Het resultaat is in elk geval de moeite.


Eigenlijk wou ze De advocaat en de zeiler vooral lezen omdat ze een verslag vermoedde 
over de zeewandeling van Bray Dunes naar Cadzand.
Dat is de zeewandeling die Snor en Kek jaarlijks deden, 
zij het meestal in de andere richting,
en die Kek nu al een paar keer alleen deed.
Daar gaat het boek uiteindelijk niet over, en in elk geval eindigt de bewuste zeewandeling al in Oostende, 
in de buurt van Altar,
het kunstwerk van Kris Martin op het strand.



Waar het dan wel over gaat?
Over een bijzondere vriendschap tussen twee jongens, later mannen, en een meisje, later vrouw, waar uiteindelijk een van de twee mee trouwt.
Er is ook nog een hond die met de twee meeloopt over het strand, en waarover geleidelijk meer te ontdekken valt.
Meer kan Kek niet zeggen, omdat anders het verhaal al ten dele verklapt wordt.
In elk geval, het is een bijzonder boek met ook een bijzondere omslagfoto:
Mer Grosse van Thierry De Cordier.
Kek is al járen fan van deze uit Oudenaarde afkomstige kunstenaar!

Het boek is in een ruk uitgelezen, en dat zegt ook wel iets.

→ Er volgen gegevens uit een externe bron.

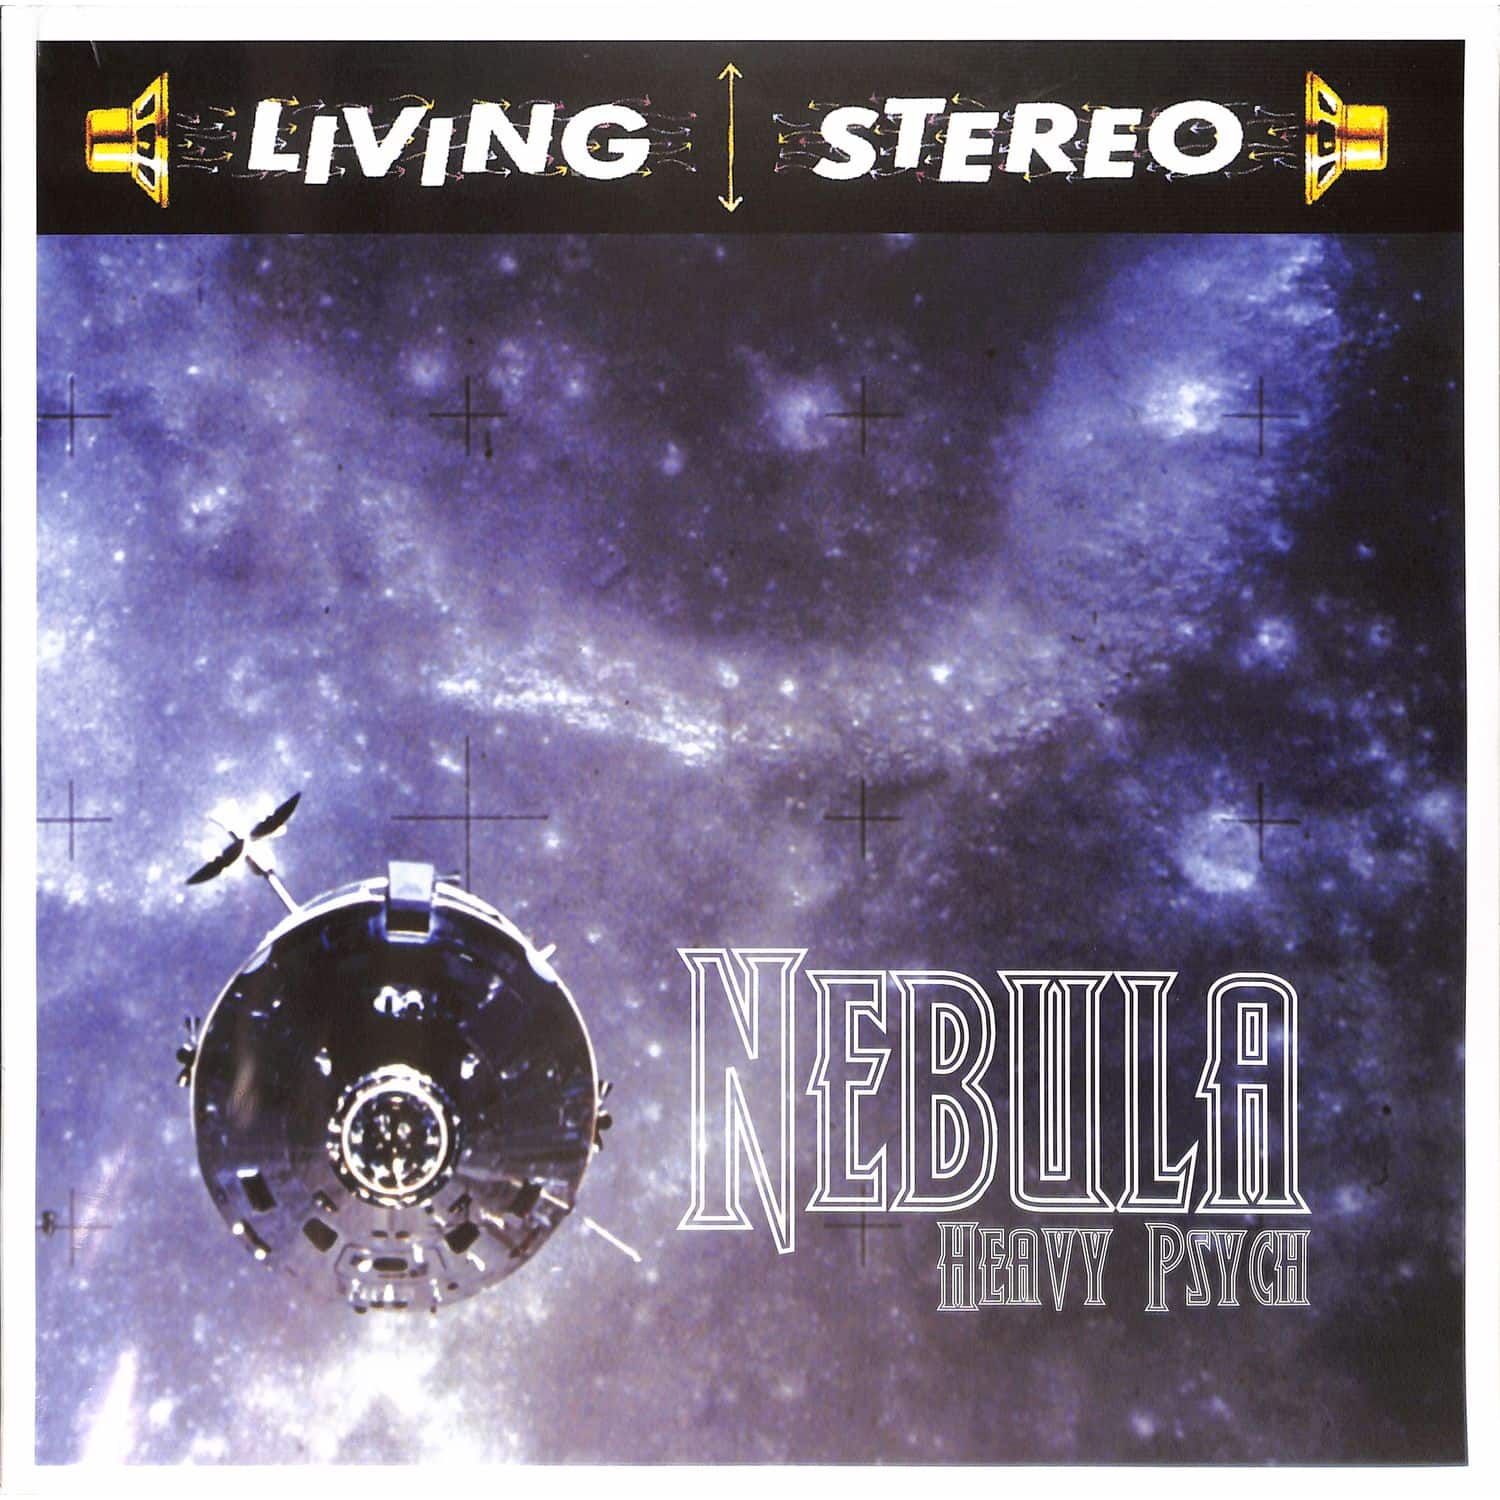 Nebula - HEAVY PSYCH

En dan kreeg Kek van een vriendin Wildevrouw van Jeroen Olyslagers cadeau.
Het duurde even om in het verhaal te raken,
en in de sfeer van het 16de eeuwse Antwerpen, 
maar wat een fenomenaal werk is dit!
Het verhaal van de herbergier, heer Beer, lijkt onwaarschijnlijk, 
en speelt zich af in een stad zoals we ons die nu nog amper kunnen voorstellen.
Maar gezien Jeroen Olyslagers een geschiedkundige is …

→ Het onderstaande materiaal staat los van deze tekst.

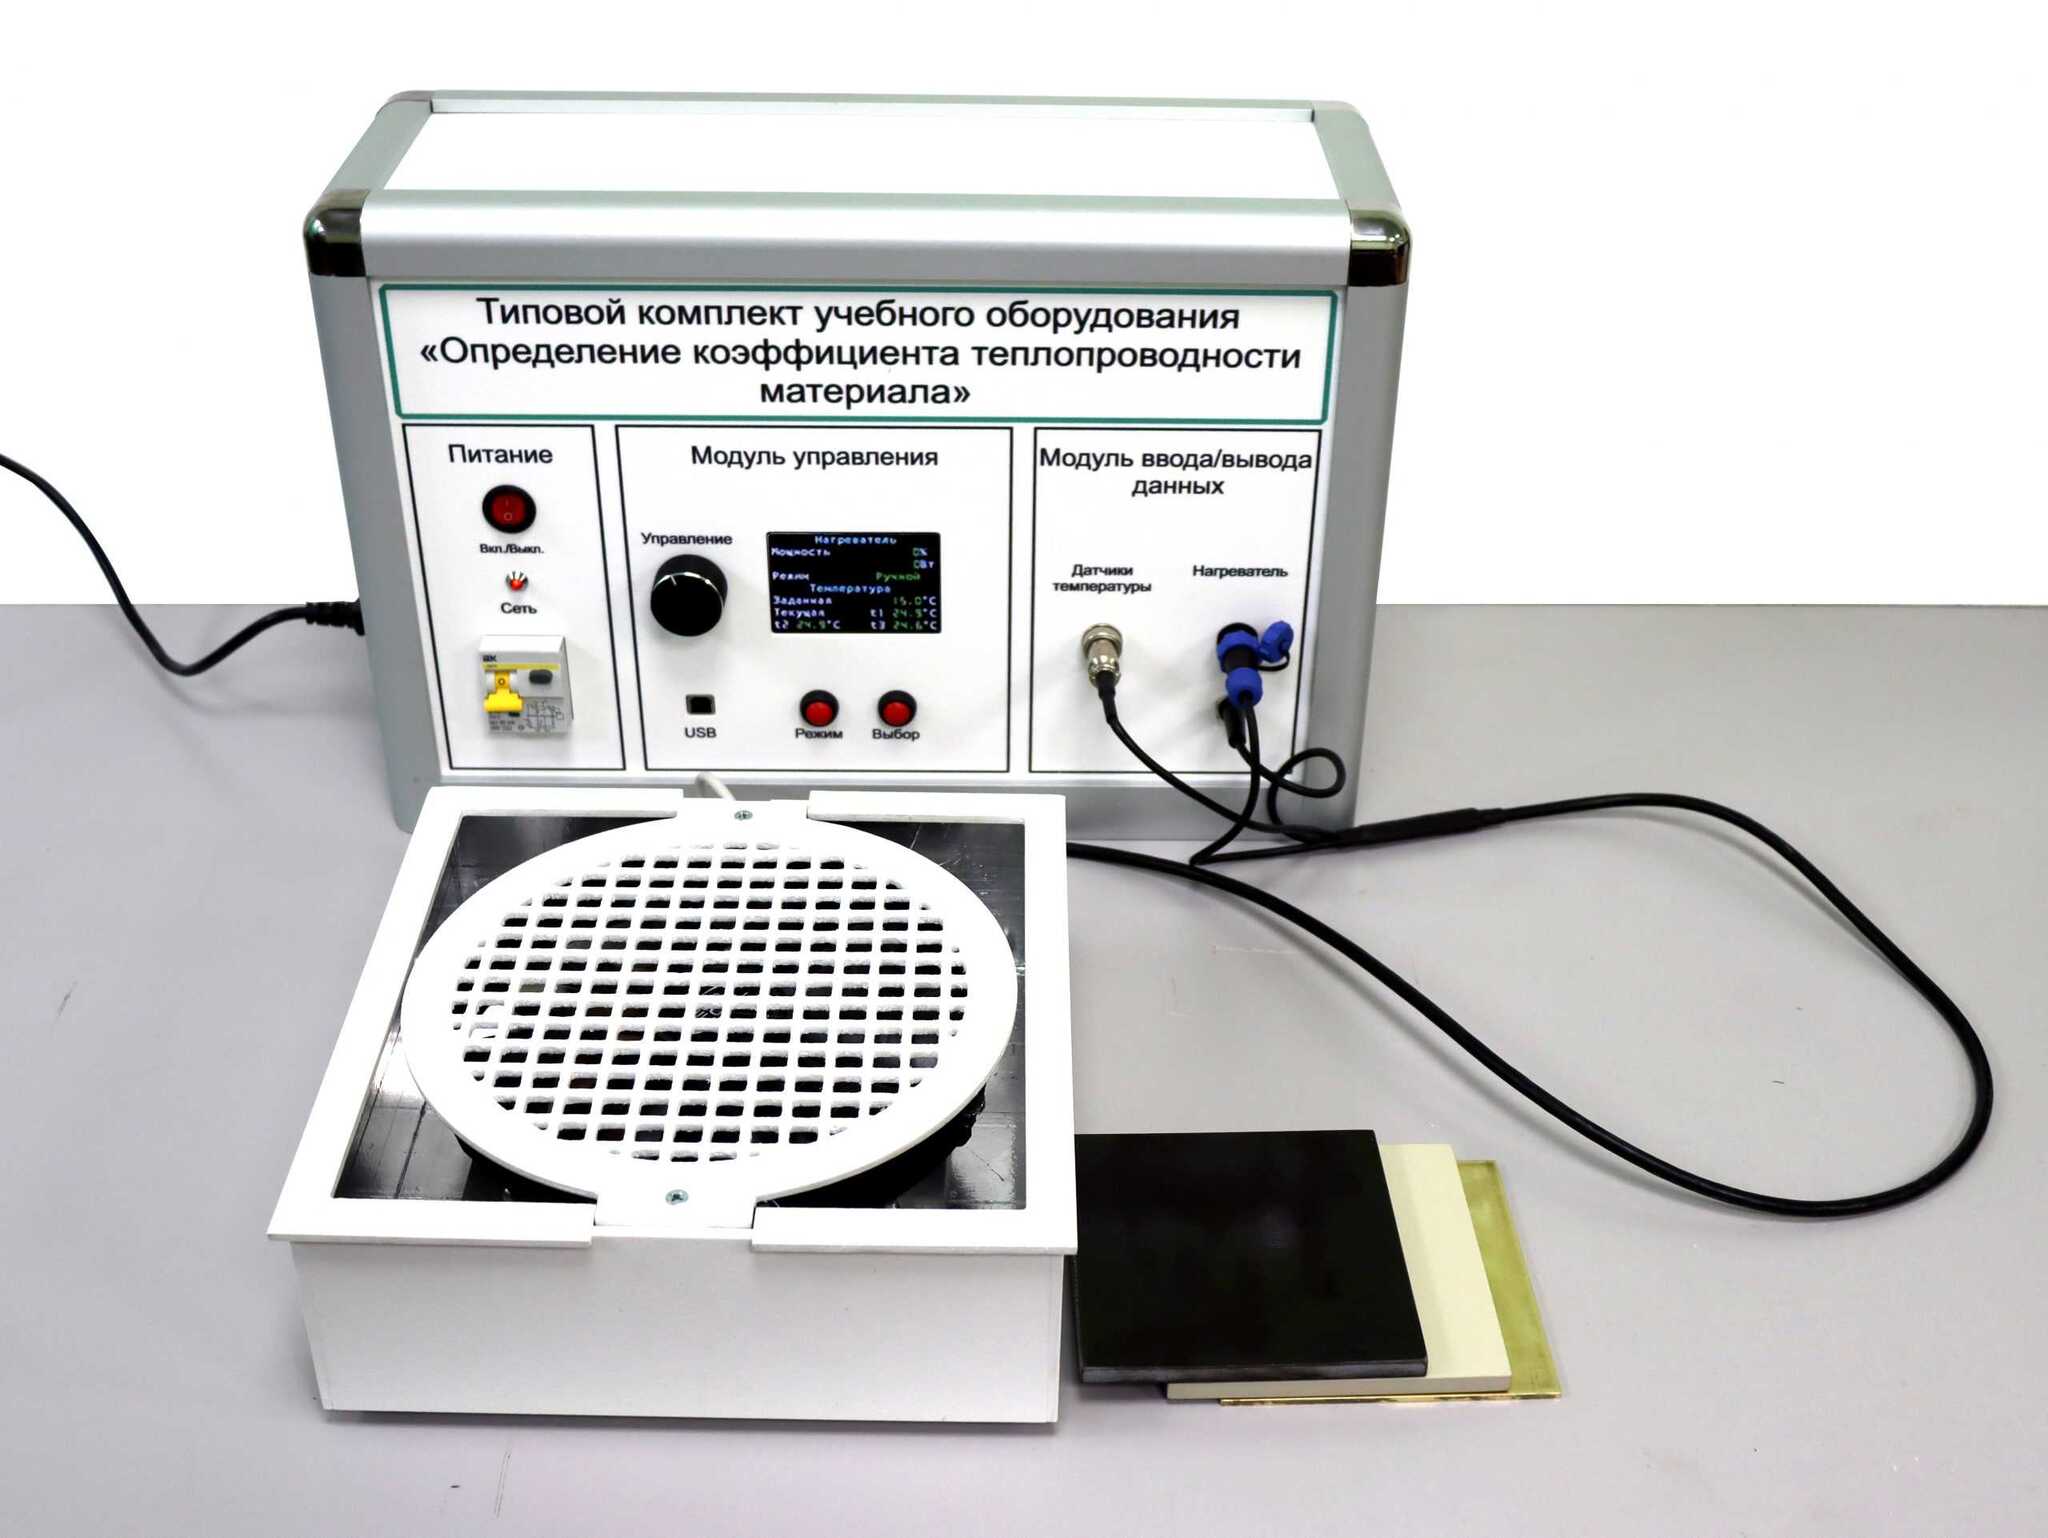 Изм оборудование. Лабораторный стенд "Теплотехника и термодинамика". Измеритель теплопроводности. Лабораторный аппарат для выявления сои. Аппарат для определения краски.

De Spaanse moordpartij, de beeldenstorm, … je kunt het aan den lijve voelen.
En dat Antwerpenaren toen al vonden dat Antwerpen ‘de navel van de wereld is’ verbaast Kek minstens een klein beetje.
Het boek is de meest beklijvende geschiedenisles die Kek ooit heeft gehad.
Het gaat -naast het kleurrijk beeld van Antwerpen in de zestiende eeuw- ook over menselijkheid en over typisch menselijke gevoelens.
Over gevoelens die van alle tijden zijn zoals 
krampachtig ergens willen bijhoren, angst voor vreemden, wantrouwen in de overheid, eenzaamheid, aanvaarding.
En over de rol van religie in ruzie en oorlog …
 Uiteindelijk is er niet veel nieuws onder de zon?
Benieuwd hoeveel prijzen Wildevrouw zal krijgen!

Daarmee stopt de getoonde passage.